Isn't there race issue during fput() and the dentry_open()?
When booting kernel, the following deadlocks are experienced.
Stack traceback for pid 2130
0xf717f1b0 2130 1 1 0 R 0xf717f400 *irqbalance
ESP EIP Function (args)
0xf75bfe38 0xc02d04b2 _spin_lock+0x2e (0xf7441a80)
0xf75bff34 0xc015667c file_move+0x14 (0xf63080e4, 0xf75bff58, 0x0, 0xf74bf000)
0xf75bff40 0xc0154e37 dentry_open+0xb9 (0xf63080e4, 0xf7f5ad80, 0xc02d00e6, 0x100100, 0x246)
0xf75bff58 0xc0154d78 filp_open+0x36
0xf75bffb4 0xc0155079 sys_open+0x31
0xf75bffc4 0xc02d196f syscall_call+0x7
The patch was made. Is this patch right?
diff -urN linux-2.6.12-rc1.orig/fs/file_table.c linux-2.6.12-rc1/fs/file_table.c
--- linux-2.6.12-rc1.orig/fs/file_table.c 2005-03-02 16:37:47.000000000 +0900
+++ linux-2.6.12-rc1/fs/file_table.c 2005-03-31 17:50:46.323999320 +0900
@@ -209,11 +209,11 @@
void file_kill(struct file *file)
{
+ file_list_lock();
if (!list_empty(&file->f_list)) {
- file_list_lock();
list_del_init(&file->f_list);
- file_list_unlock();
}
+ file_list_unlock();
}
int fs_may_remount_ro(struct super_block *sb)
--
Haruo
On Sun, Apr 03, 2005 at 10:56:44AM +0900, Tomita, Haruo wrote:
> Isn't there race issue during fput() and the dentry_open()?
> When booting kernel, the following deadlocks are experienced.
> Stack traceback for pid 2130
> 0xf717f1b0 2130 1 1 0 R 0xf717f400 *irqbalance
> ESP EIP Function (args)
> 0xf75bfe38 0xc02d04b2 _spin_lock+0x2e (0xf7441a80)
> 0xf75bff34 0xc015667c file_move+0x14 (0xf63080e4, 0xf75bff58, 0x0, 0xf74bf000)
> 0xf75bff40 0xc0154e37 dentry_open+0xb9 (0xf63080e4, 0xf7f5ad80, 0xc02d00e6, 0x100100, 0x246)

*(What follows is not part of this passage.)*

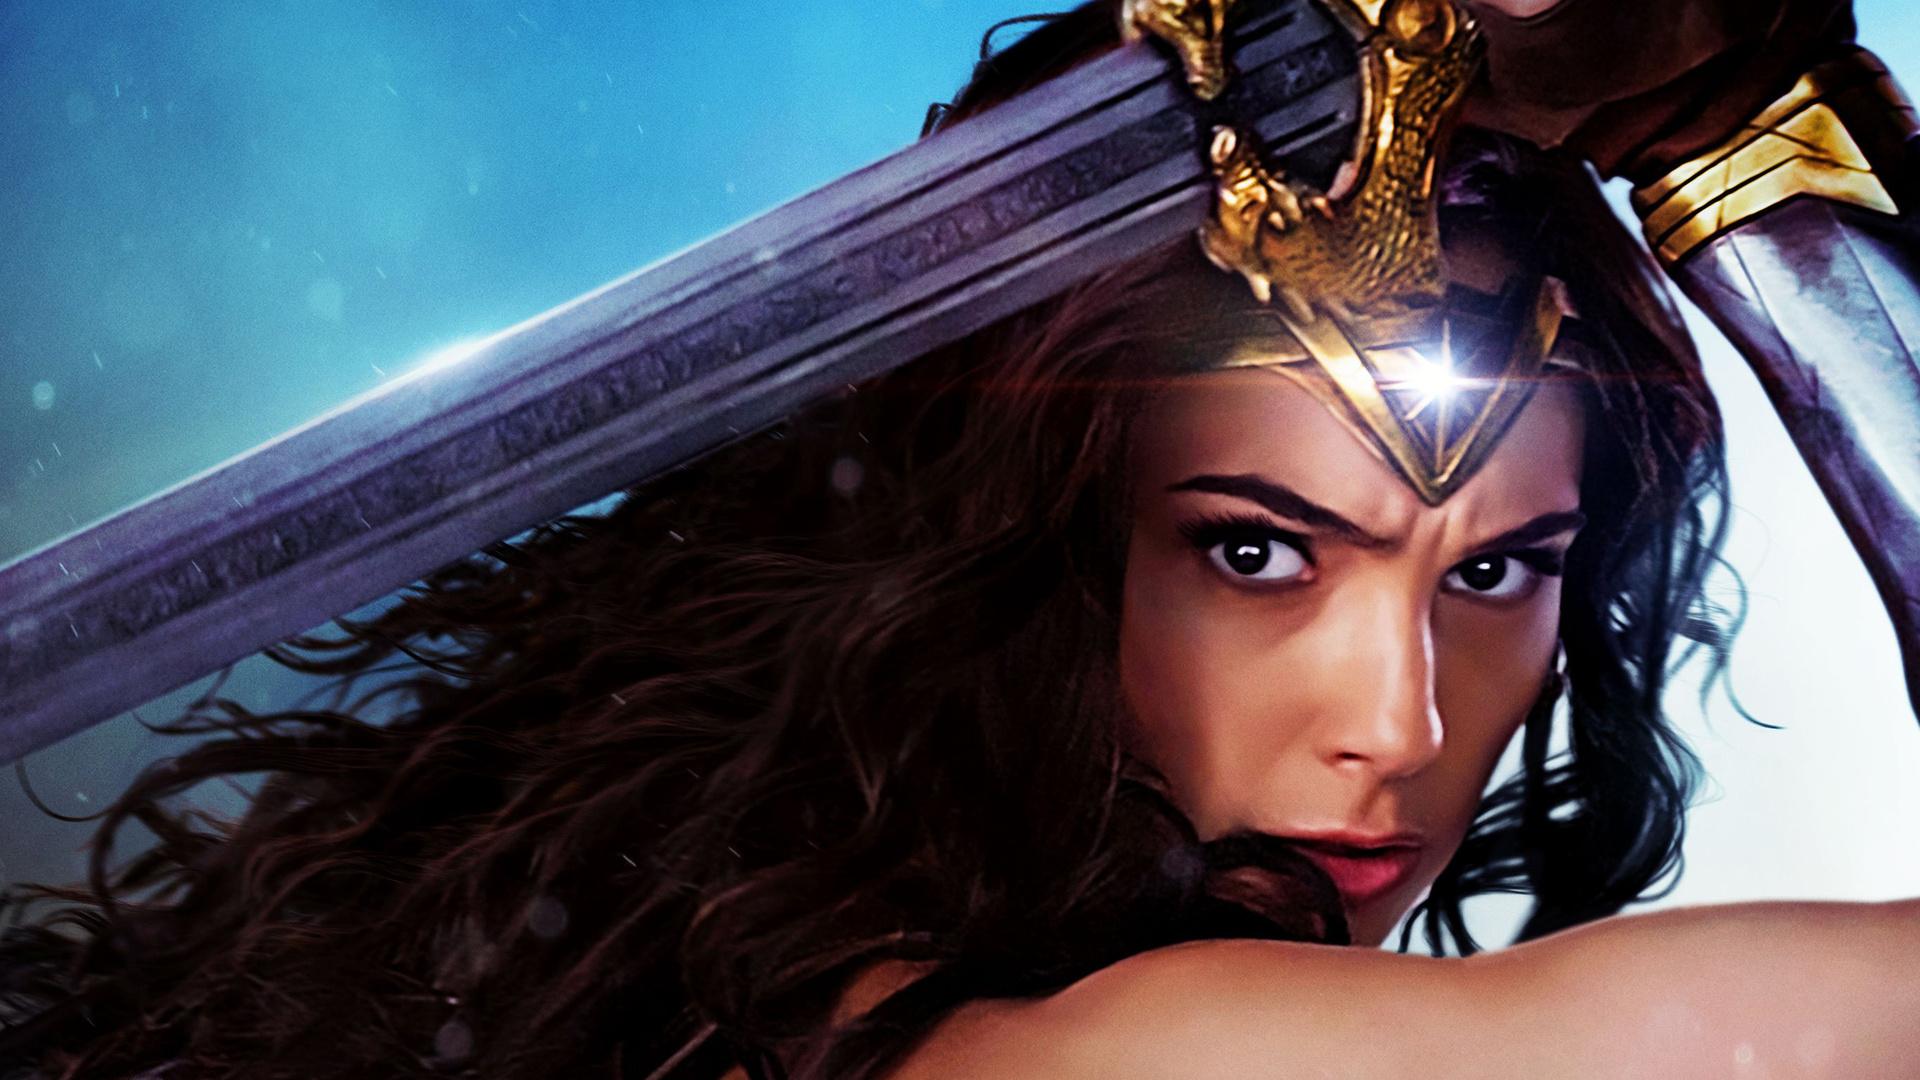 Wallpaper Gal Gadot Wonder Woman 2017 Movies Hd Movies: 1920x1080 Gal Gadot Wonder Woman Movie 2017 Laptop Full HD

> 0xf75bff58 0xc0154d78 filp_open+0x36
> 0xf75bffb4 0xc0155079 sys_open+0x31
> 0xf75bffc4 0xc02d196f syscall_call+0x7
>
> The patch was made. Is this patch right?
>
> diff -urN linux-2.6.12-rc1.orig/fs/file_table.c linux-2.6.12-rc1/fs/file_table.c
> --- linux-2.6.12-rc1.orig/fs/file_table.c 2005-03-02 16:37:47.000000000 +0900
> +++ linux-2.6.12-rc1/fs/file_table.c 2005-03-31 17:50:46.323999320 +0900
> @@ -209,11 +209,11 @@
>
> void file_kill(struct file *file)
> {
> + file_list_lock();
> if (!list_empty(&file->f_list)) {
> - file_list_lock();
> list_del_init(&file->f_list);
> - file_list_unlock();
> }
> + file_list_unlock();
> }
This is absolutely useless. What are you trying to protect and how the
hell could keeping a lock around that check prevent any sort of deadlock?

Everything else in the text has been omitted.